Light-reactions
The photosynthetic reactions that require light occur within the thylakoid membrane. These light-dependent photosynthetic reactions employ the thylakoid membrane-embedded antenna system to harness energy delivered by a photon. The light-dependent, photosystem reactions ultimately transduce the energy of light to generate molecules of ATP and NADPH, which act as energy-transfer molecules in the light-independent, “dark” reactions of the Calvin cycle.
The thylakoid-embedded antenna complex comprises closely packed pigment molecules and the reaction center. Any of the pigment molecules can be excited by a photon of light, and pass their energy along to nearby pigment molecules until the excitation eventually reaches a specialized molecule of chlorophyll called the reaction center, which delivers an excited electron to the electron acceptor molecule in an electron transfer chain. The antenna, including the reaction center, and the electron transport molecules together make up a photosystem.

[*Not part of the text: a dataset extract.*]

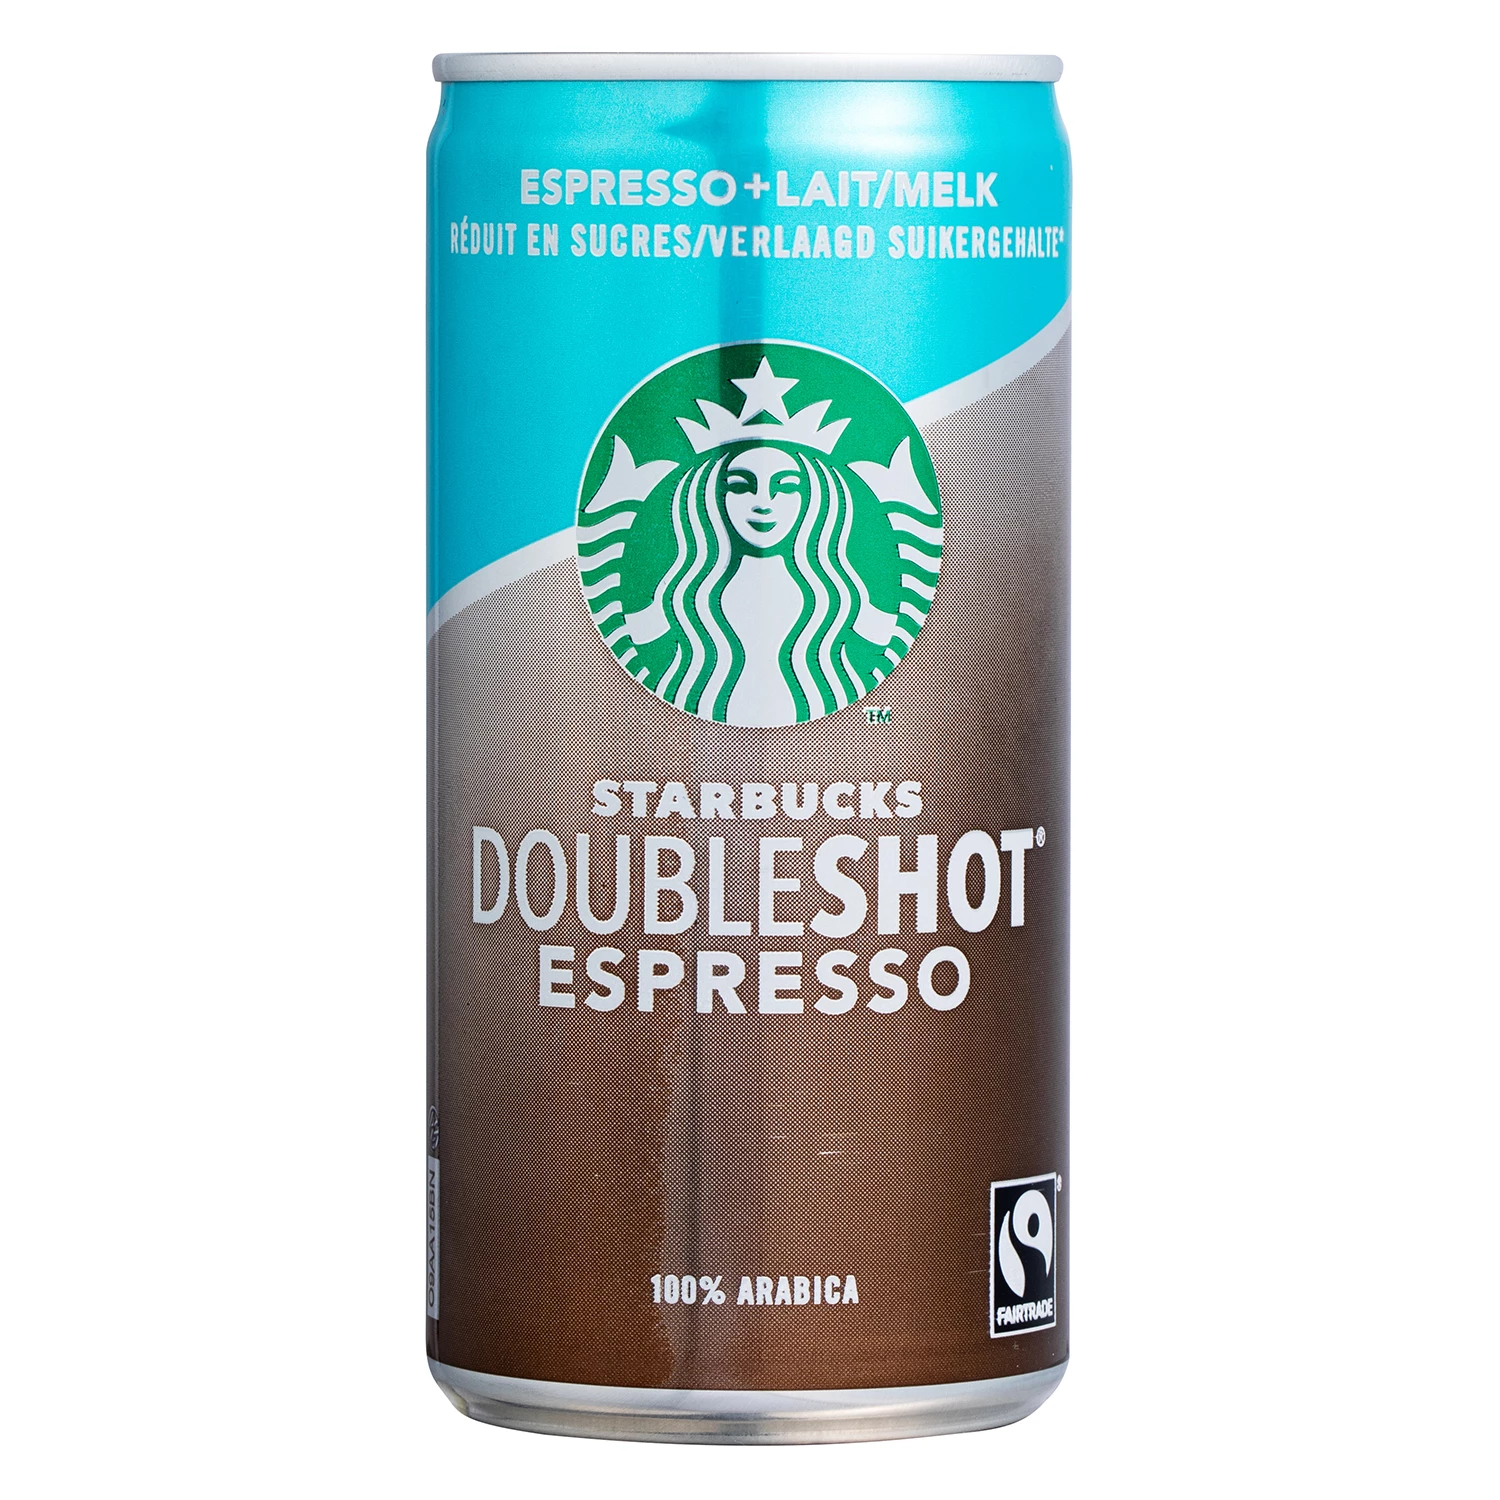 Doubleshot Espresso reduced in sugars 200ml - STARBUCKS

There are two kinds of photosystems in eukaryotes – PSI and PSII. The reaction center chlorophyll (im) molecule within the antenna of photosystem I responds most strongly to 700 nm light, and is therefore termed P700. The reaction center within the antenna of photosystem II responds most to 680 nm light, and is accordingly called P680. Photosystem I evolved very early, and it is found in nonoxygenic phototrophs; photosystem II evolved later. Because the PSII photosystem is most sensitive to shorter wavelength 680 nm light, it absorbs slightly more energy than the P700-PSI system.
The electron transport system of each photosystem is embedded within the thylakoid membrane and functions in the production of ATP. The system comprises membrane-bound electron carriers that pass electrons from one molecule to the next.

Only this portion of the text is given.